In our culture, time is of the utmost importance. It is to be scheduled, used constructively, spent, lost, gained, or killed. Many times, Americans are more concerned with getting things done on time (aka on a predetermined, arbitrary schedule) than they are with developing deep interpersonal relations or maximizing intellectual benefit. Many time, this preoccupation with time comes at a cost to personal peace. Personal peace has to do with being content, fulfilled, living a satisfying purposeful life, and having balance between work and leisure. For me, I know I struggle between wanting to “do it all” (perfectly, of course), and between saying no because I know despite my best efforts, there will never be more than 24 hours in each day. When my life is balanced; when I feel purposeful, effective, and at peace with myself. I am much more productive. I have better health, and enjoy my life more because each experience I engage in has more meaning to me, and I interact with my life more. One clumsy way to describe this is to say that when I have “personal peace”, I am happier.

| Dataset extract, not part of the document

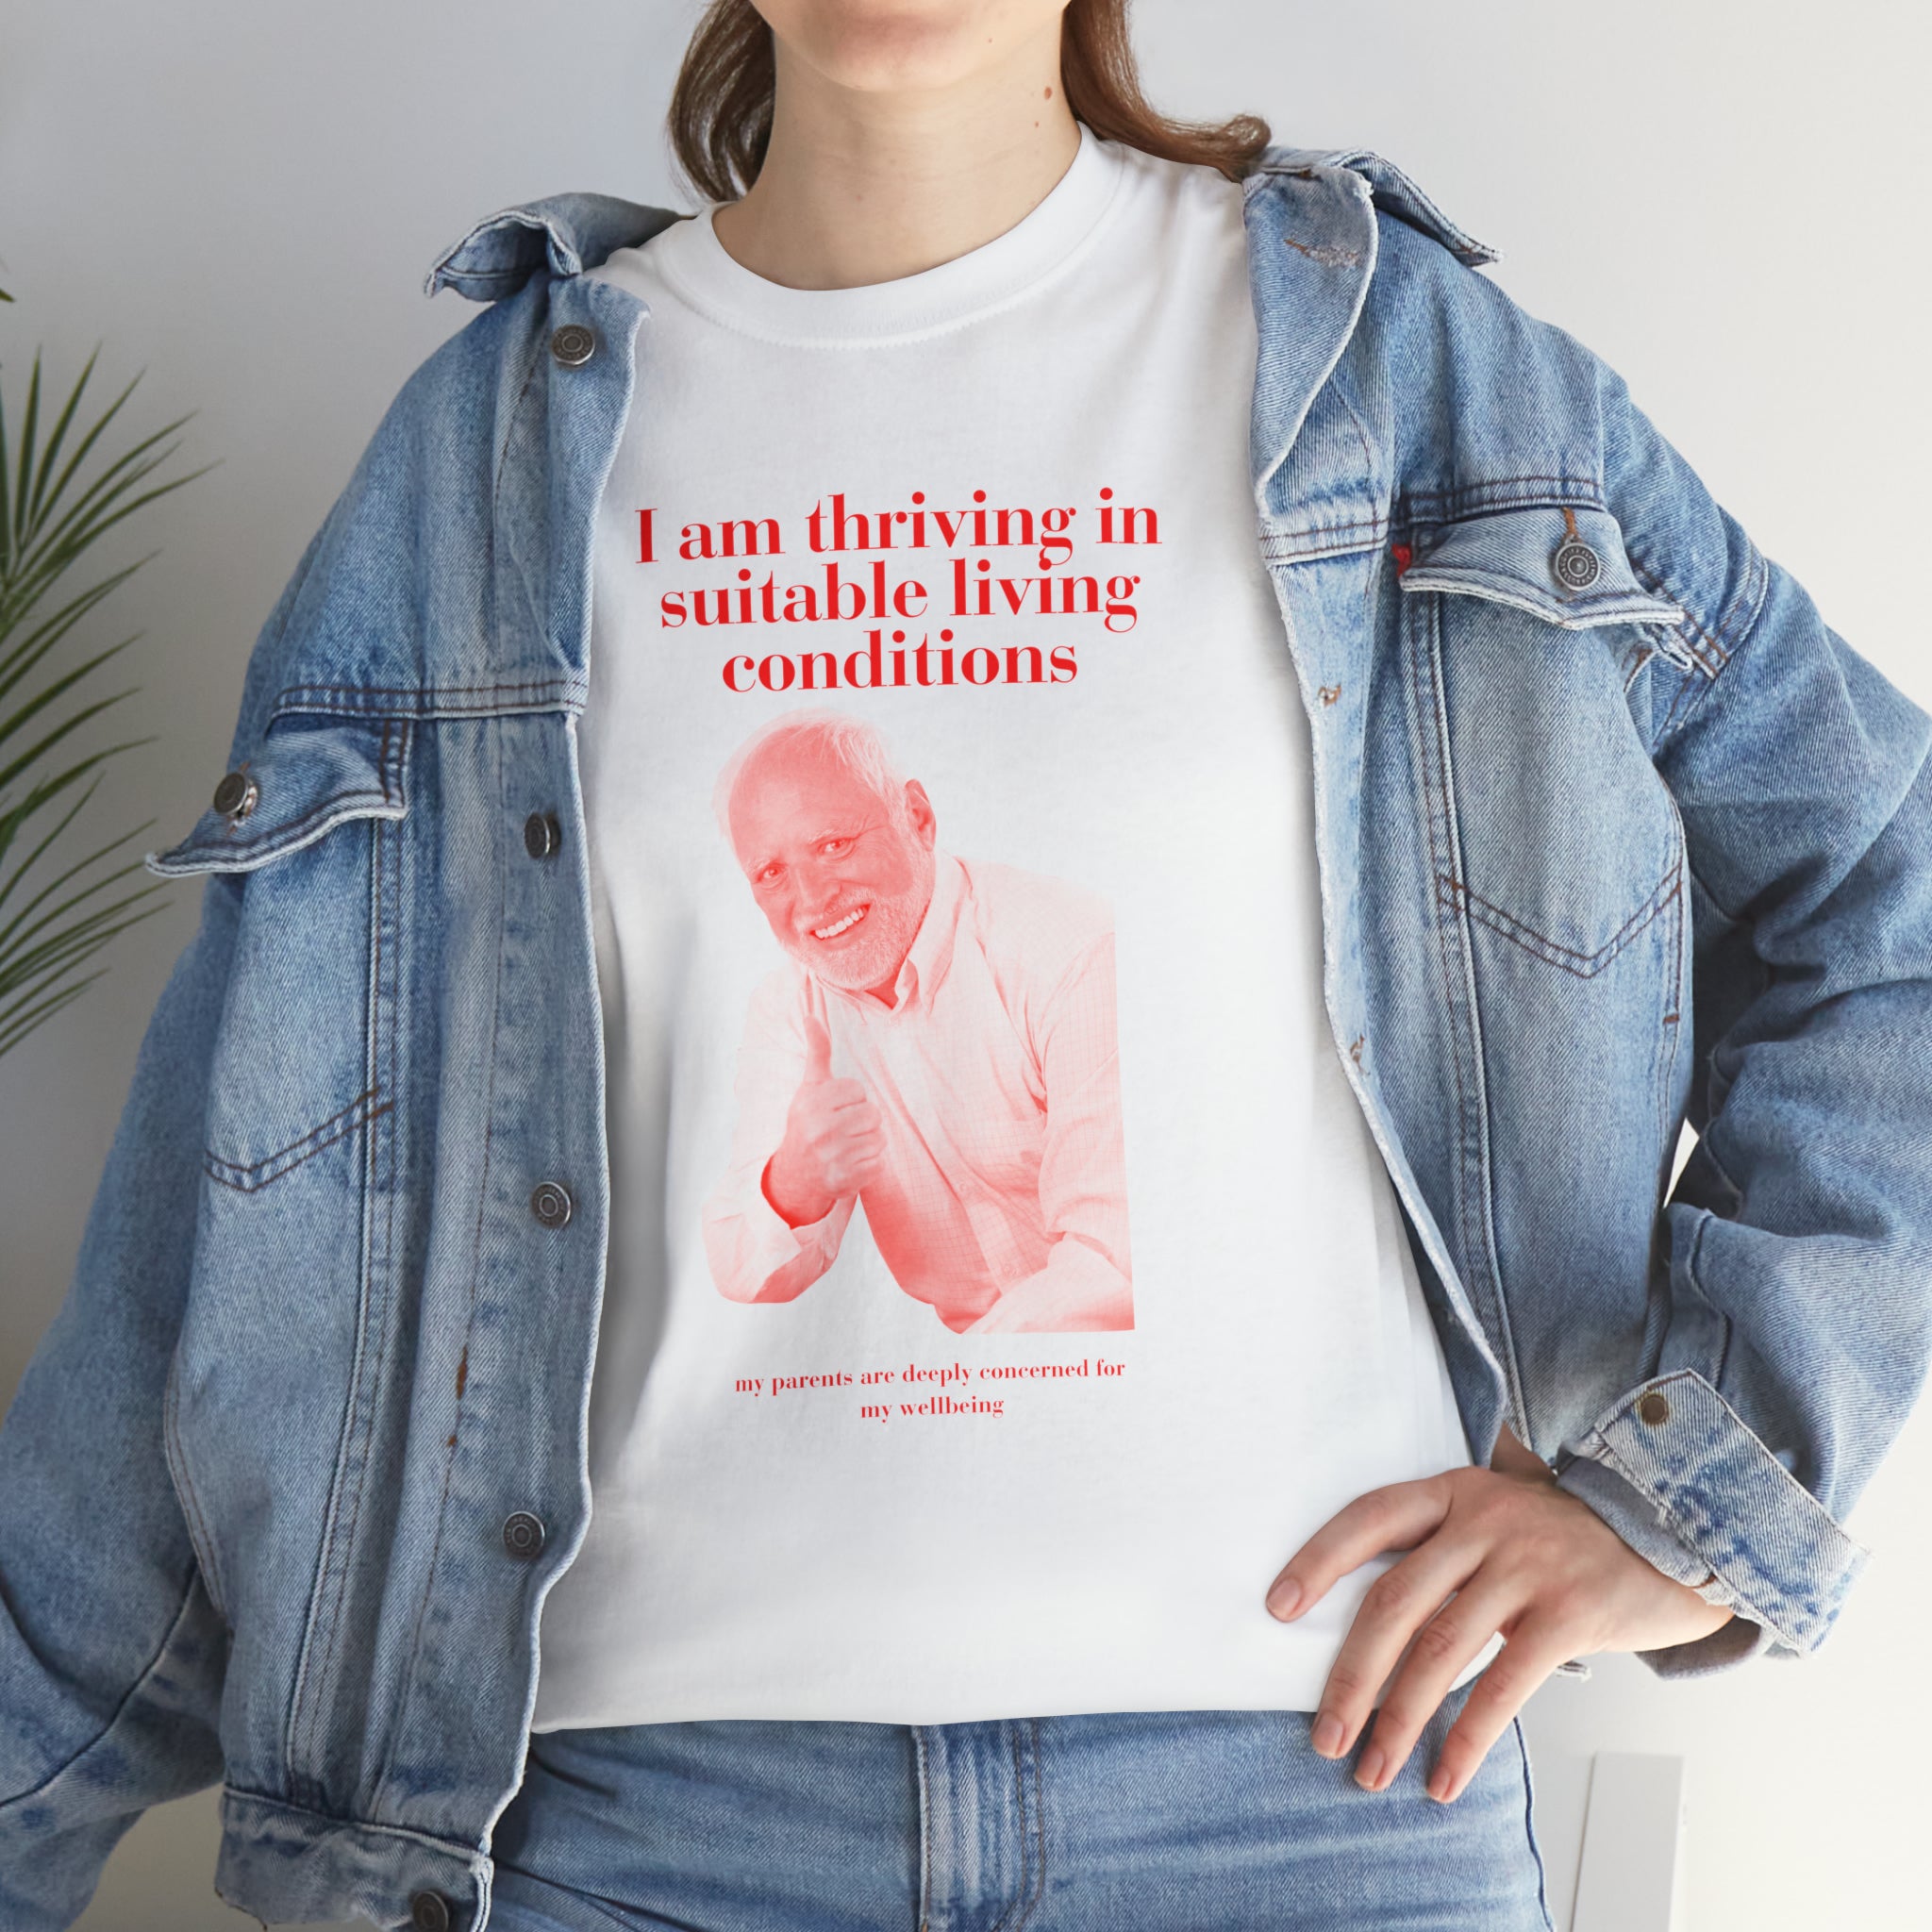 I am thriving in suitable living conditions  - Unisex Heavy Cotton Tee

What would happen if more people tried to create balance in their lives and strived to live in a fashion where they ended each day feeling peace in their hearts? If each person was personally at peace, how would that change international relations? If people were in harmony with themselves, they would be in a position to discuss and work collaboratively to create a greater peace and harmony. Personal relationship coaches teach that before you are ready to be in a committed relationship with another person, you must first be complete and whole by yourself. Why isn’t this same advice applied to relationships on a grander scale? I’m not advocating for isolationism, but I am hoping that we as humans can begin to acknowledge that peace is a holistic approach, and cannot be accomplish in the western paradigm of “either/or”, but rather in the eastern “both/and”. Meaning that we cannot focus either globally or internally, but must instead incorporate both diplomatic relations, multinational organizations, and national efforts within our own borders. This improves foreign relations, and prepares our own country to be ready to deal with other countries and their different manners of living. Thus paving the way for peace.